Останавливало одно: с какого перепугу я буду лезть в чужие сердечные дела?

Хотя, я считал и считаю до сих пор, что относиться снисходительно к слабостям других людей не значит прощать им предательство.

Когда же я, вопреки своим прежним убеждениям, её прямо спросил о нём: мол, Элька, давай колись, да-да, нет-нет, что скрывать, она сначала вспыхнула, покраснела, как рак, но тут же взяла себя в руки и поглядела с нарочитым непониманием, а потом стала отнекиваться. Меня это не на шутку взбесило. Её фальшивый тон. Ну, встречаются люди, мне-то какое дело? Но, оказалось, есть дело.

Короче, я понял, что попал. Потому что, если это не любовь, то что же тогда? Причём, сначала выяснилось, что я ревную, а потом, что влюбился.

Где-то я вычитал, что мужчина уважает другого мужчину за деловые качества, женщину – за добродетель, а вот влюбляется в порок.

Сначала я растерялся. Я никогда к чересчур влюбчивым себя не относил. Конечно, было кое-что до Эли, но всё несерьёзно, по воле случая или даже больше ради спортивного интереса. Ну, целовались, стирая губы в кровь, особенным тоном говорили друг другу особенные слова, изображали влюблённость, держались за руки, делая вид, что никак не можем расстаться... С кем не бывает?

Меня взяла досада. А потом я не стерпел и рассказал обо всём Косте. Ведь он был весьма неглупый и считался большим мастером по части разных выдумок. Его голова вечно изобиловала всякими нетривиальными идеями.
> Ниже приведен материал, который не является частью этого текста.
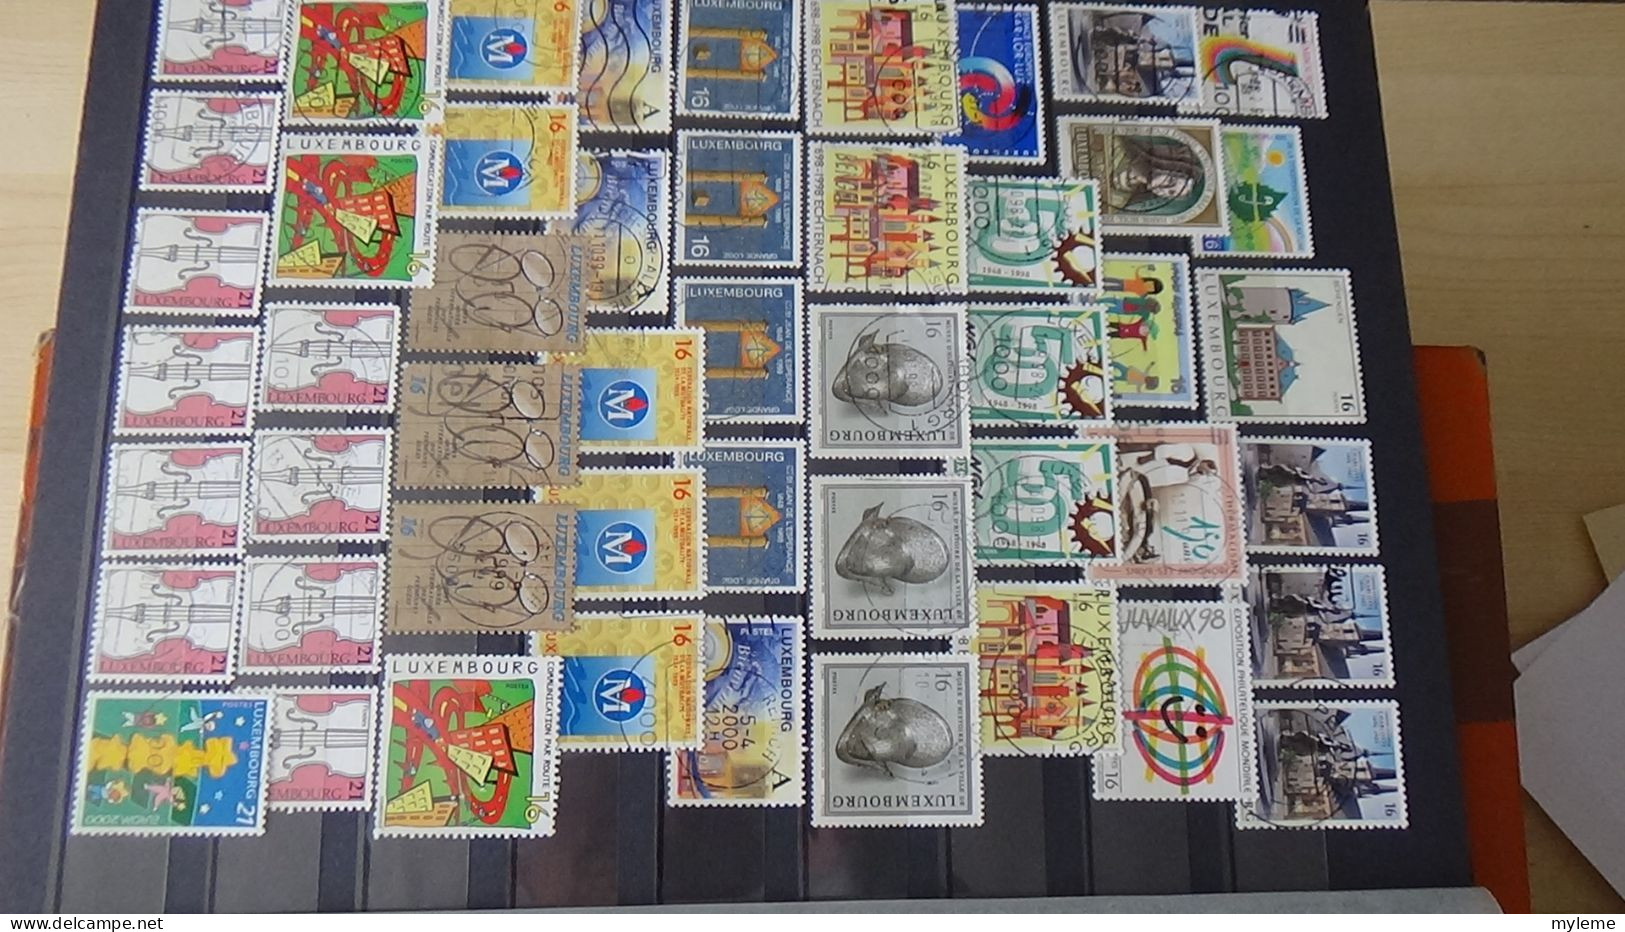 BF49 Bel ensemble de timbres de divers pays dont N° 258 + 259 + 260 ** Cote 320 euros. A saisir !!!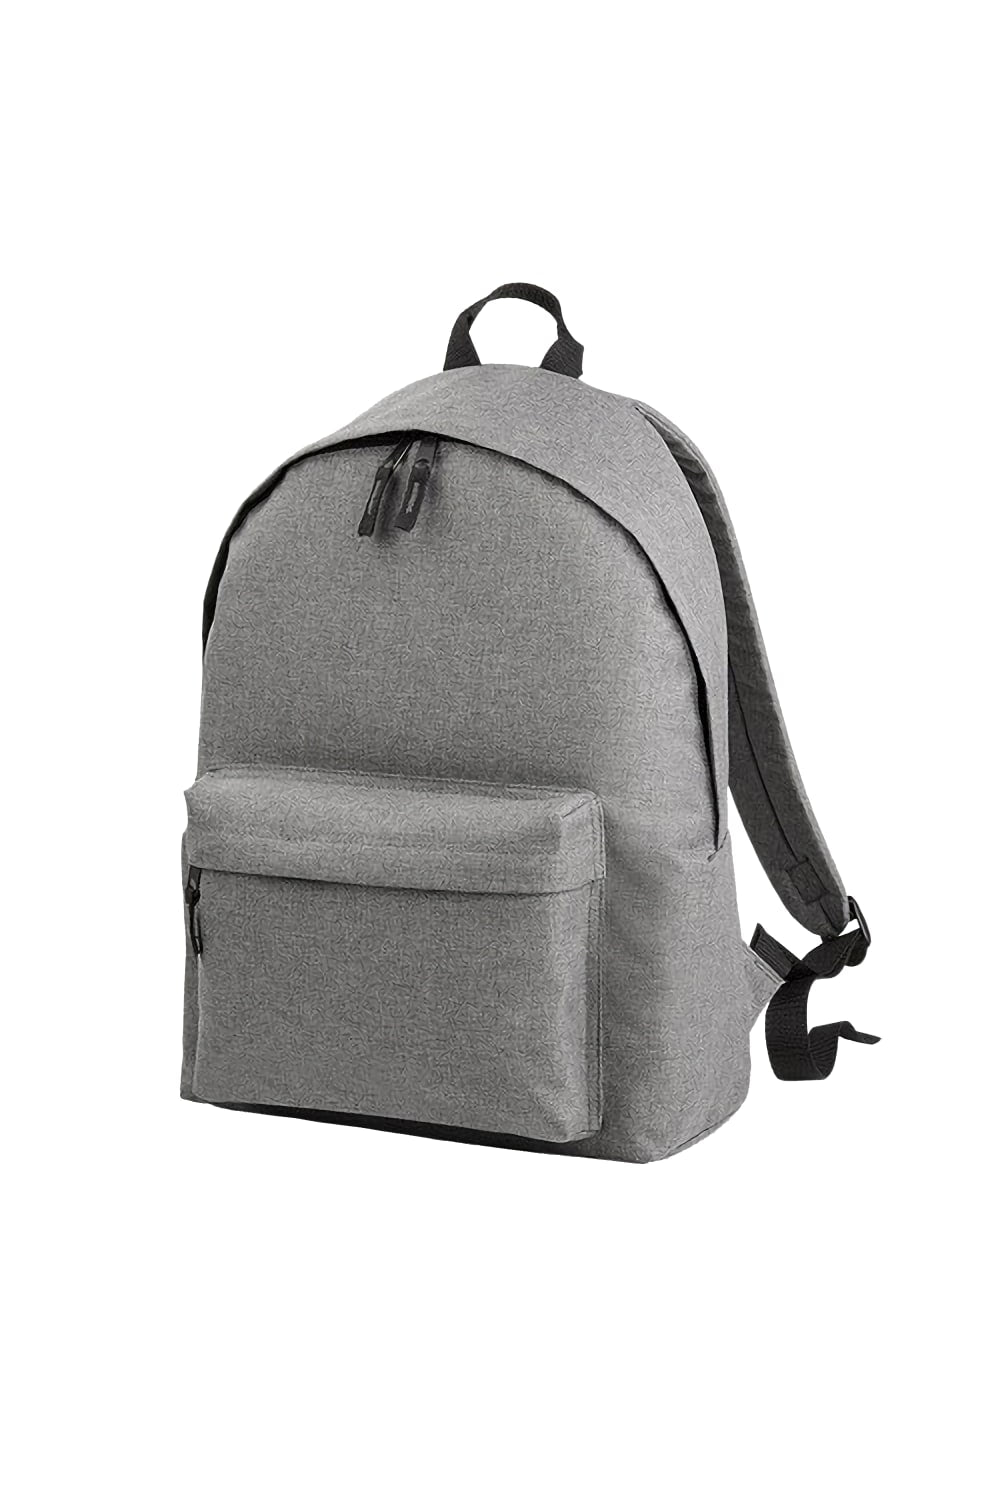 Two Tone Fashion Backpack/Rucksack/Bag - Grey Marl

Костя пообещал подумать, уточнив, что у него на этот счёт уже созрела одна умная мысль, но словарного запаса не хватает, чтобы выразить её правильно, поэтому, чтобы было наверняка, он ещё поразмышляет и как только, так сразу.

А Эля как ни в чём не бывало продолжала дружить с Милой. И одновременно встречаться с этим козлом Рафиком, а заодно якшалась с его дружками-четверокурсниками. Я чувствовал её глухую вражду ко мне. После лекций она уже не ждала меня, как раньше, возле буфета, где с утра до ночи толклись студенты, а вместе с ними шла в сторону станции метро.

Я этого видеть не мог. Я стал ездить домой на автобусе, хотя даже при большом желании на это уходило не менее часа, когда на метро хватало и получаса. Я смотрел в окно на запруженные всевозможным транспортом улицы и мысленно перебирал в памяти последние события, так, что от напряжения звенело в мозгах и ломило виски. Наверное, никогда больше в моей жизни не будет такого отчаянно горького периода. Так казалось мне тогда. Вот такие дела, говорил я себе, пусть... Пусть, пусть!..

Не доходя до дома, я закрывался в телефонной будке и набирал её номер, а потом долго слушал её недоумённый голос.

- Алло! Алло! – сердито повторяла Эля. – Извините, вас не слышно. Перезвоните!

И с досады бросала трубку.

Я перезванивал.

Я молчал, ощущая, как по лицу расползается глупая гримаса. Она – дома! Не шляется где-то с этим типом по городу, а - дома.

Звонить из своей квартиры мне почему-то было... Не сказать, чтобы боязливо, но где-то так, будто она каким-то необъяснимым образом могла застать меня на месте преступления.

Костя тем временем подумал. План его не отличался оригинальностью: подкараулить Рафика, выразить удовольствие по поводу его цветущего вида, после чего, если поговорить культурно не получится, и этот хмырь вздумает в ответ хамить и качать права, то врезать по кумполу и недвусмысленно дать понять, что за Эльвиру. И так, чтобы просил прощения, мразь! Мол, козлов надо наказывать.

Я Костин план отверг сразу и бесповоротно. Не наш метод. И вдруг почувствовал, что зверски устал, измучился. Устал сразу от всего на свете. От Эли, от Кости, от родителей, хотя они мне никогда особенно не докучали, от института. Мне больше ничего не хотелось. Всё было лишним и абсолютно бесполезным. Я сказал Косте, что ничего больше не надо, спасибо, хватит, но у него на этот счёт были свои соображения. Он неодобрительно хмыкнул и сказал что-то вроде «ещё посмотрим, дайте только время...».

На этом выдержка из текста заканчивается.